Manufacturers in China, many of which are partially or wholly owned by municipal governments, have been reluctant to reduce production and lay off workers. Changan Automobile is a state-owned automaker, and its factory is only a 20-minute walk from the former Hyundai Motor Factory. On Sunday, the plant's multi-acre parking lot was filled with unsold cars.

Cities like Chongqing, which is particularly dependent on gasoline vehicle production, are facing employment difficulties. The number of workers required to assemble an electric car is far less than that required to produce a gasoline car because there are far fewer parts and components for an electric car.

Auto workers in Chongqing said in interviews that workers with strong technical backgrounds, especially robotics, could easily and quickly find work if they were laid off. However, it is becoming increasingly difficult for semi-skilled workers, including those who are older and have not attended training courses to improve their abilities, to find work.

Mr. Zhou said that when he applied for a job in Chang'an, "the competition was very fierce."

Today, however, in Chongqing, it is difficult to find unemployed ex-modern workers, even near the original factory.

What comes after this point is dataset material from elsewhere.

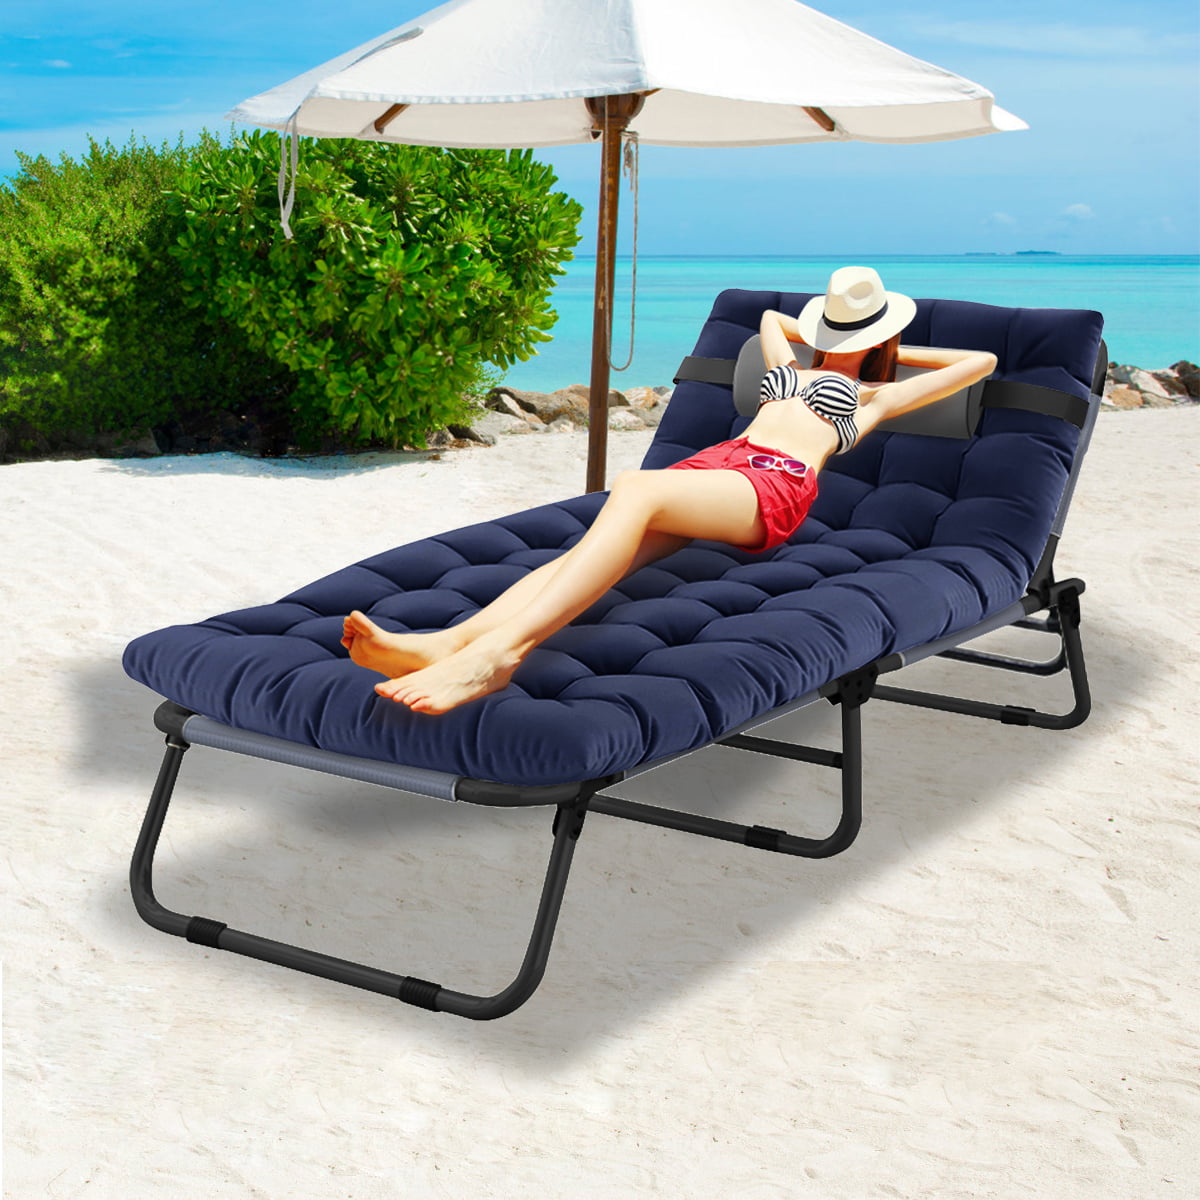 Sunbathing Chairs for Outside SLSY 4-Fold Sleeping Cots for Adults Portable Lounge Chair for Beach Lawn Camping Pool Sun Tanning Folding Chaise Lounge Chair Outdoor

Most of China's factory workers are immigrants who grew up in the countryside and have little contact with the communities that make gasoline cars. Therefore, once unemployed, they can easily move to other cities or industries.

However, as demand slows and less skilled workers have fewer opportunities to earn overtime pay, Chongqing's auto industry is clouded. Hyundai signboards can still be seen in many places in Hyundai's old factory, but a huge shadow on the gate shows that there was once an optimistic slogan: "New thinking, new possibilities".